Martha Stewart, founder of Martha Stewart Living Omnimedia, shared her personal experiences of “celebrating the good from the earth,” including her recent project of developing a 150-acre farm in Bedford, New York, where she grows many unique varieties of produce such as seven kinds of wild strawberries.
Many of her unique experiences with farming show up on the food pages of Martha Steward Living, her enormously successful print magazine and online site where millions of viewers go to learn about the latest trends in culinary treasures.
“It has been an extraordinary experience rebuilding this beautiful garden,” she says. “I use my garden as a living laboratory and inspiration for my magazine.”

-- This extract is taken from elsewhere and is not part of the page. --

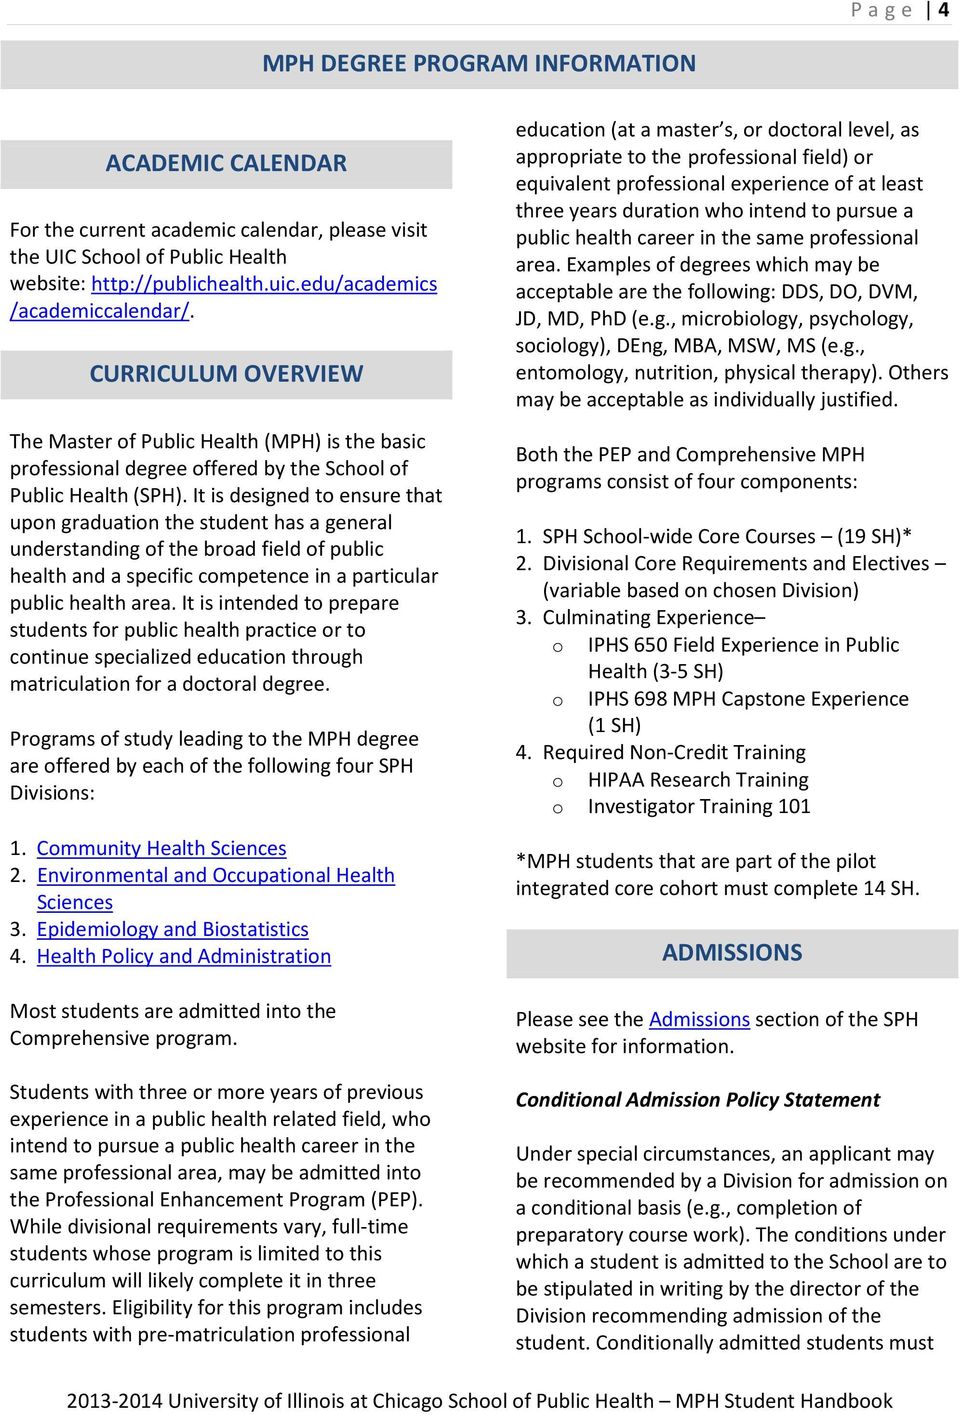 School Of Public Health Mph Degree Student Handbook Pdf Free Download

Heirloom seeds are one of the hottest trends going today in the food business, and Stewart also shared insights from her new book, One Pot, which features recipes that can be made with many flavorful ingredients that can be added to one pot on the stove. “Simple recipes like that do get a tremendous amount of attention today,” she says.
Another who embraced the virtues of simplicity was Arianna Huffington, chairman of the Huffington Post Media Group, who discussed tactics to thrive in our “brave new world” of 24/7 electronic media consumption. She shared her own personal comeback story after collapsing from burnout eight years ago.

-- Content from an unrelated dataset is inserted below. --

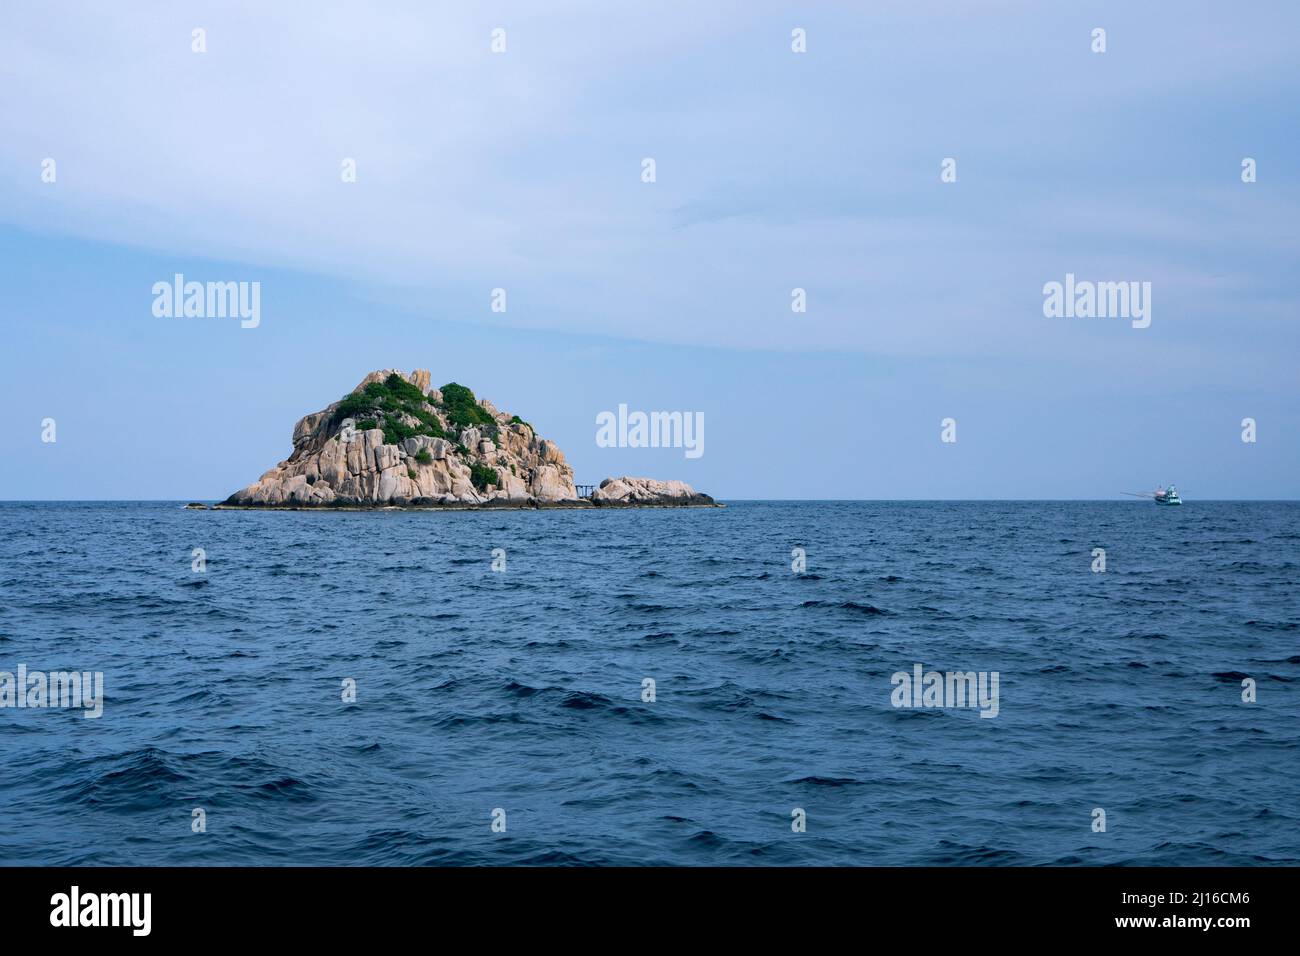 rock island and deep blue sea at thailand gulf Stock Photo

Technology, she says, “has become deliberately addictive. We are always in a state of breathlessness like we are taking a final exam. But when we put technology in its place, and become masters of technology, and not the slave, then we can be truly valuable.” She discussed the importance of eight hours of sleep to the productivity of employees and the need for electronic devices to be turned on and turned off. Nap rooms and meditation classes are part of the new norm at Huffington Post.

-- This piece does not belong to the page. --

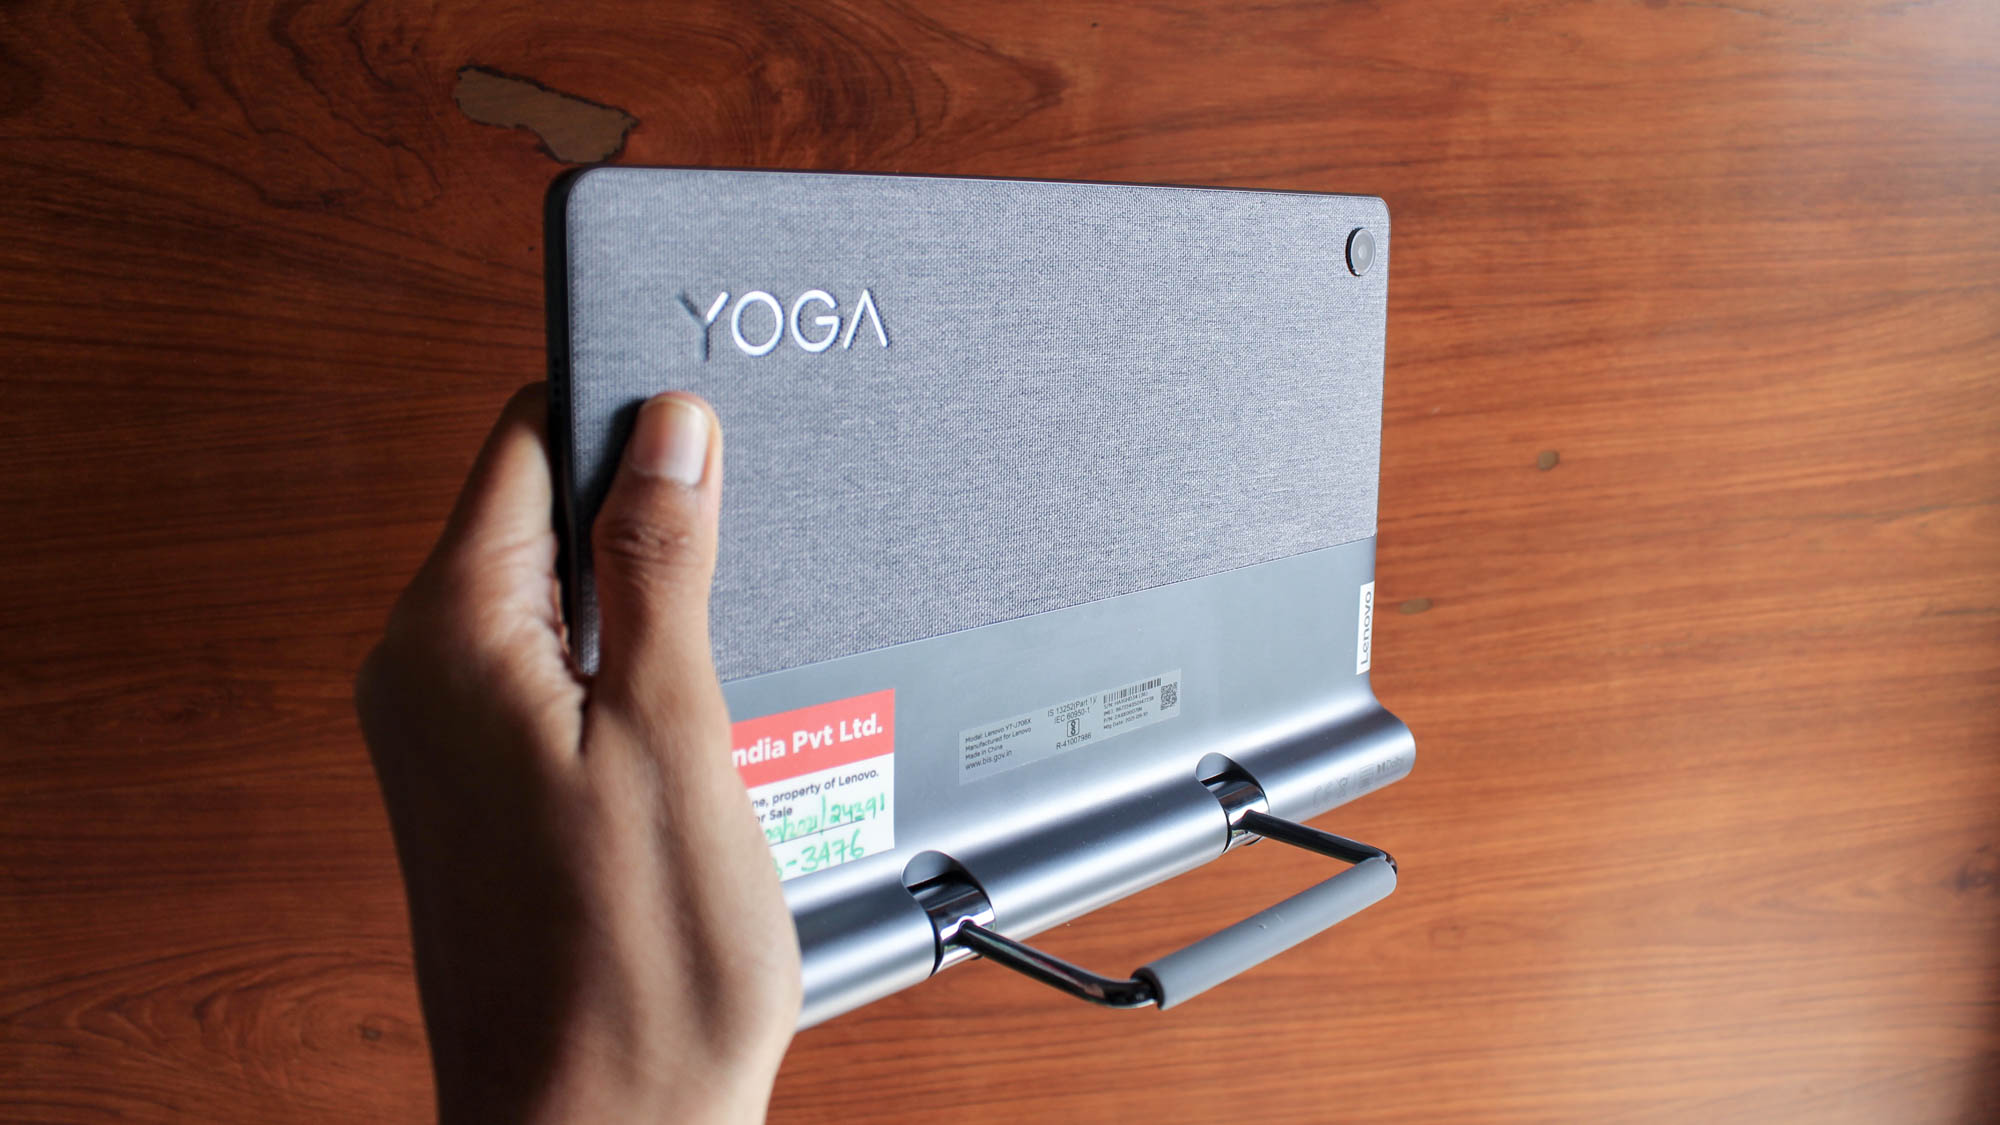 Lenovo Yoga Tab 11 ZA8W0074JP ストームグレー-

Meetings at the Huffington Post are now “device free,” and her organization has implemented a no-email policy for workers during their vacation time. An out-of-office assistant electronically informs the sender that the person they are trying to contact is on vacation and that another person (specified in the email) can be reached for immediate help. The message also prompts the sender to please email the person again once they have returned from vacation. Then the email message automatically deletes itself. “Everybody needs predictable time off,” Huffington says. “Yes, somebody has to be on all the time, it’s just not going to be the same person.”
“We need to re-invent the workplace because the current situation is not working,” she says.
Huffington prescribes a dose of a well-being, wisdom, wonder and giving for excelling in this new age. “If we’re lucky we have 30,000 days to play the game of life. When we become present in the moment, that’s when we become really happy.”